- The Washington Times - Saturday, March 4, 2006

Road crews have cut back on such chores as mowing grass and picking up roadside trash because the mild winter has squeezed their budgets.

A mild winter usually means crews spend less money, but some are over budget and face cutbacks because of unexpected costs and having to perform duties usually done in the warmer months.

Virginia’s Department of Transportation has already spent $670 million of the $1.1 billion earmarked for maintenance in its fiscal 2006 budget, said agency spokeswoman Tamara Neale.

By the end of January, the agency had spent about $40 million more than anticipated, mostly because of higher gas prices and crews trimmed trees and did work typically reserved for spring, she said.

As a result, the agency will delay buying new equipment and curtail such work as clipping bushes, clearing ditches and picking up trash along highways.

“Our contracts are written in such a way that we scale back if we need to,” Miss Neale said. “At the end of the day, we have to live within our means.”

The cutbacks are aesthetics-related, will last only until the end of the fiscal year, which is June 30, and will not put motorists at risk, she said.

“If there’s a piece of property we own that’s away from the highway, we may mow the grass there three more times instead of four,” Miss Neale said. “There will be absolutely nothing done or changed that will jeopardize traffic safety.”

Maryland’s State Highway Administration has already spent $9 million more than the $21 million budgeted for winter operations in fiscal 2006, said agency spokesman David Buck. However, officials say the lack of winter storms in most of the state has kept the budget reasonably under control.

“In the last eight or nine years, [the agency] usually spent about $20 million to $25 million, except for a few years when heavy snow and blizzards drove costs to more than $60 million,” Mr. Buck said. “So we’re right around where we usually are.”

Most of the winter-operations budget — which pays for snow-removal materials and snow-related overtime for employees — was spent in the western part of the state.

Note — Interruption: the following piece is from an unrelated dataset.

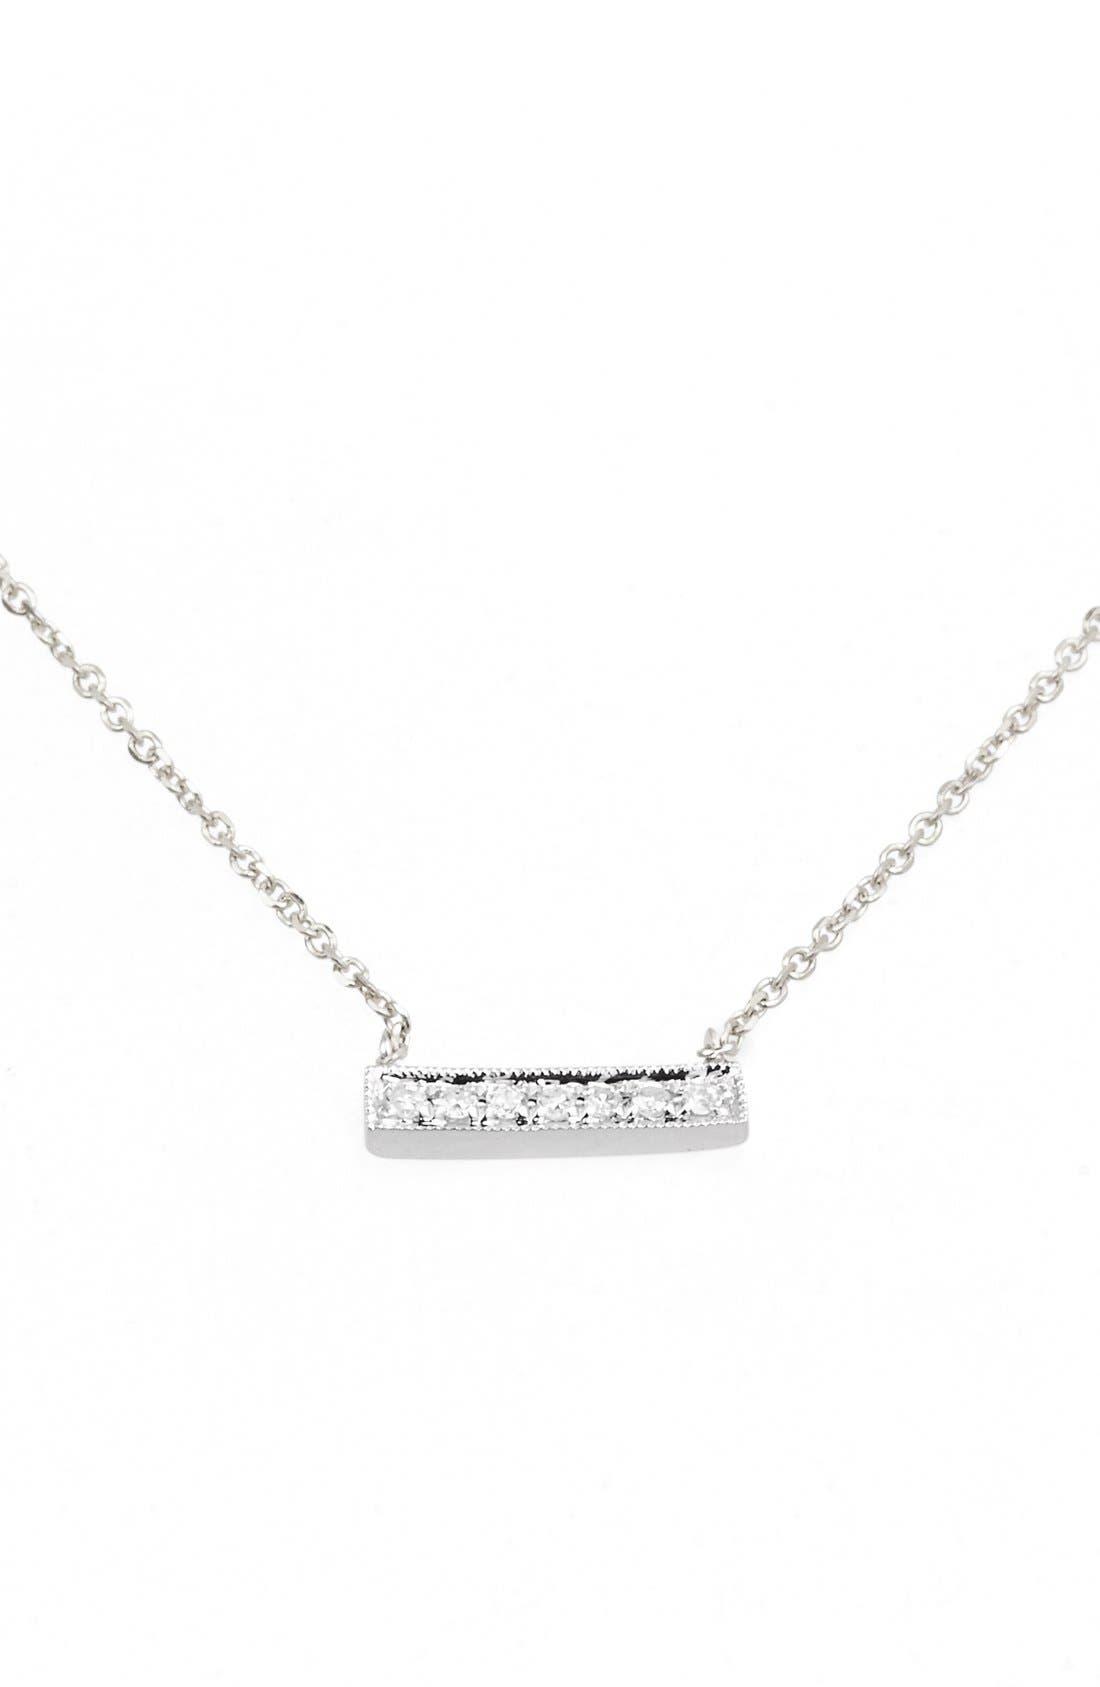 DANA REBECCA DESIGNS Sylvie Rose Diamond Bar Pendant Necklace

“About 125 inches of snow from 25 measurable storms fell in western Maryland” in fiscal 2006, Mr. Buck said. “Though these areas are out of sight, out of mind for the [metropolitan] region, when Allegany and Washington counties get hit with these storms, we have to act.”

He said preparing for a storm, even those that fizzle, is also expensive.

The warm weather has helped the D.C. Department of Transportation, which officials say has stayed within its $7 million street-and-bridge maintenance budget for fiscal 2006 while keeping city roads in good shape.

“Potholes are down, not just in [number] but also the severity of them,” said agency spokesman Bill Rice, “and we’ve been able to continue tree planting through the winter, which is unusual because the ground is usually frozen this time of year.”

The District has received about 1,100 reports of potholes this fiscal year, compared with 5,000 in fiscal 2005; 5,400 in fiscal 2004; and 9,000 in fiscal 2003, Mr. Rice said.